Task directions
Line by line, output everything from the one that contains "38powerpoint 5 Step" through the end of the material below, exactly as written and with no pictures.

Collected data
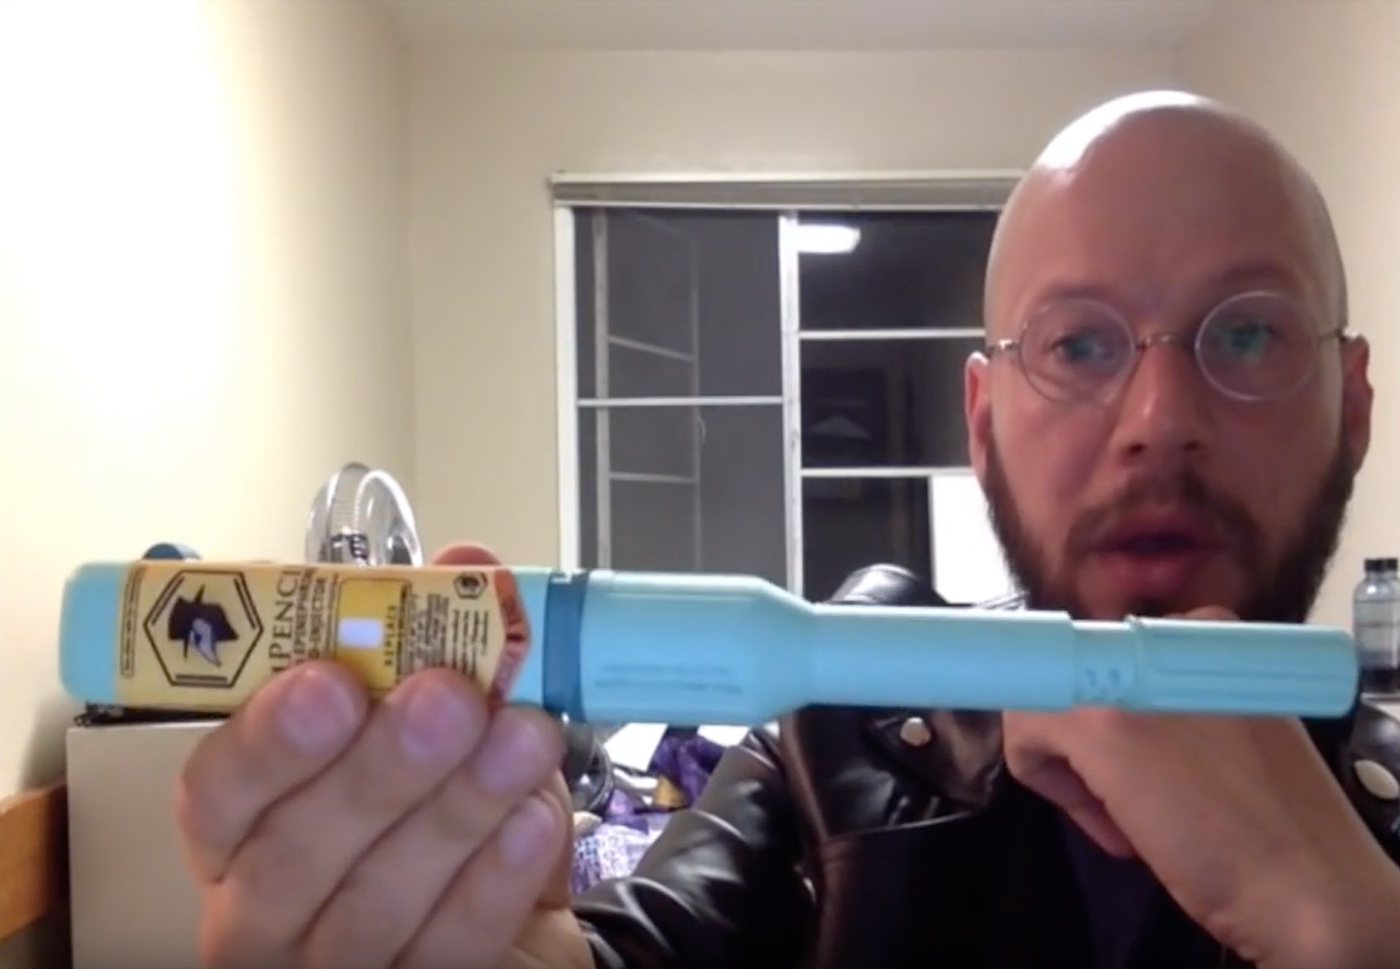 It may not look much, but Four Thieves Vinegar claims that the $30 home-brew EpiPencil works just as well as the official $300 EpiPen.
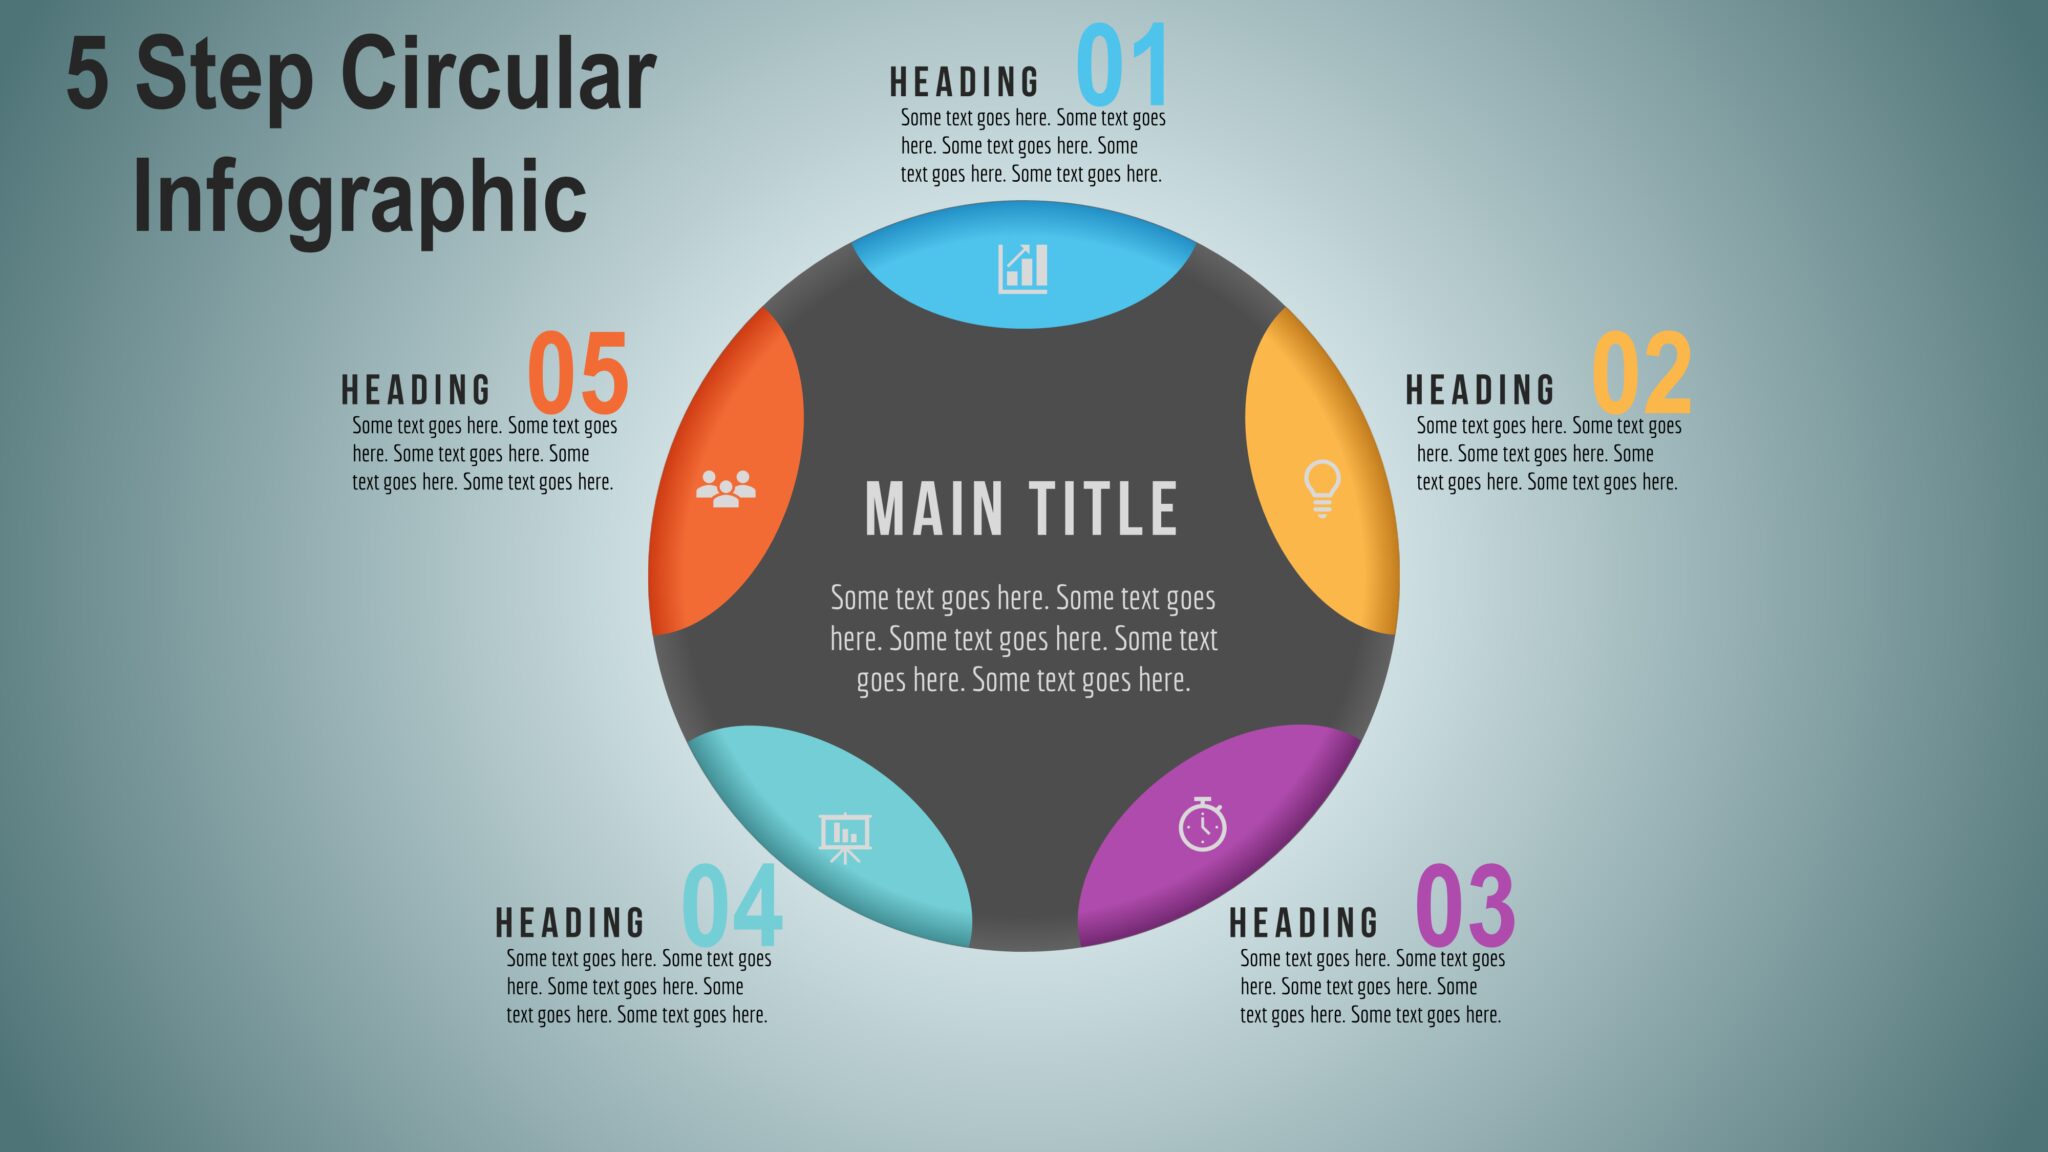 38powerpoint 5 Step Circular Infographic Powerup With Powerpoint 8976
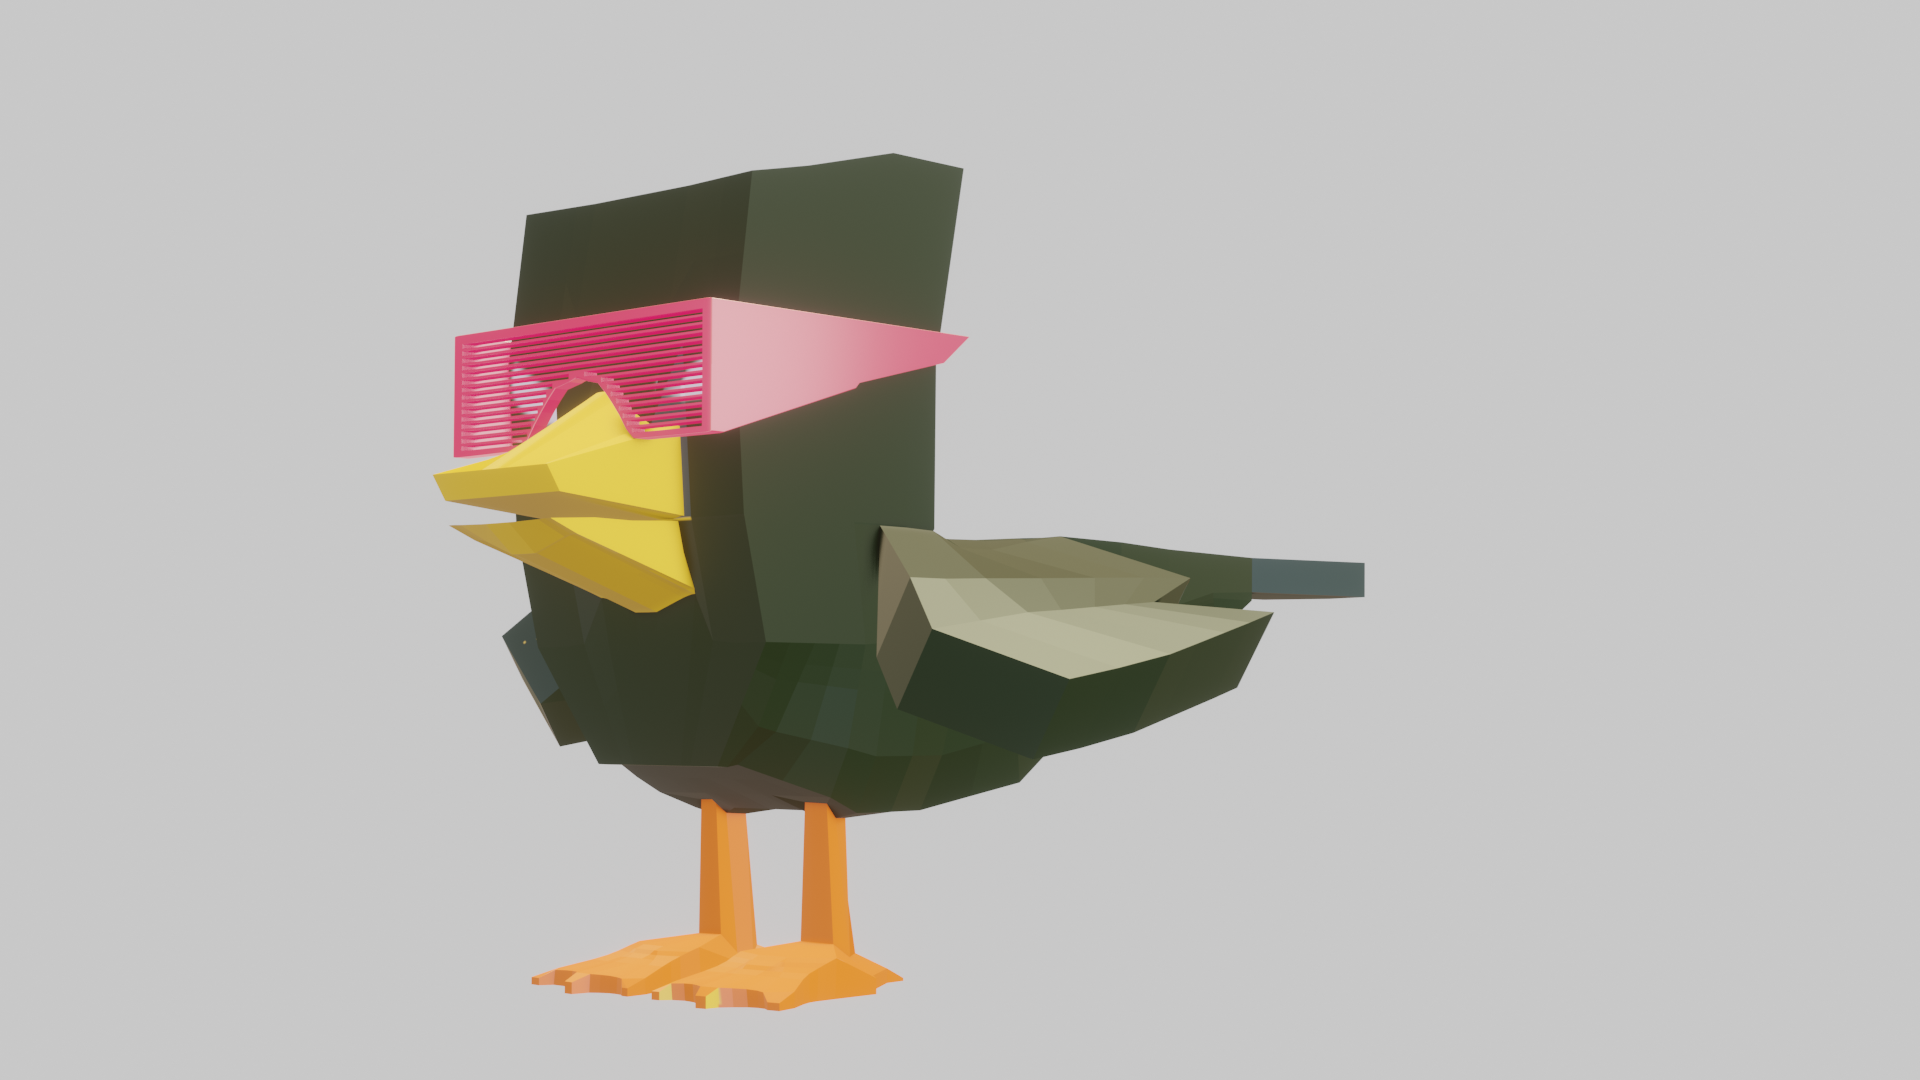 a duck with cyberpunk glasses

Answer below
 38powerpoint 5 Step Circular Infographic Powerup With Powerpoint 8976
 a duck with cyberpunk glasses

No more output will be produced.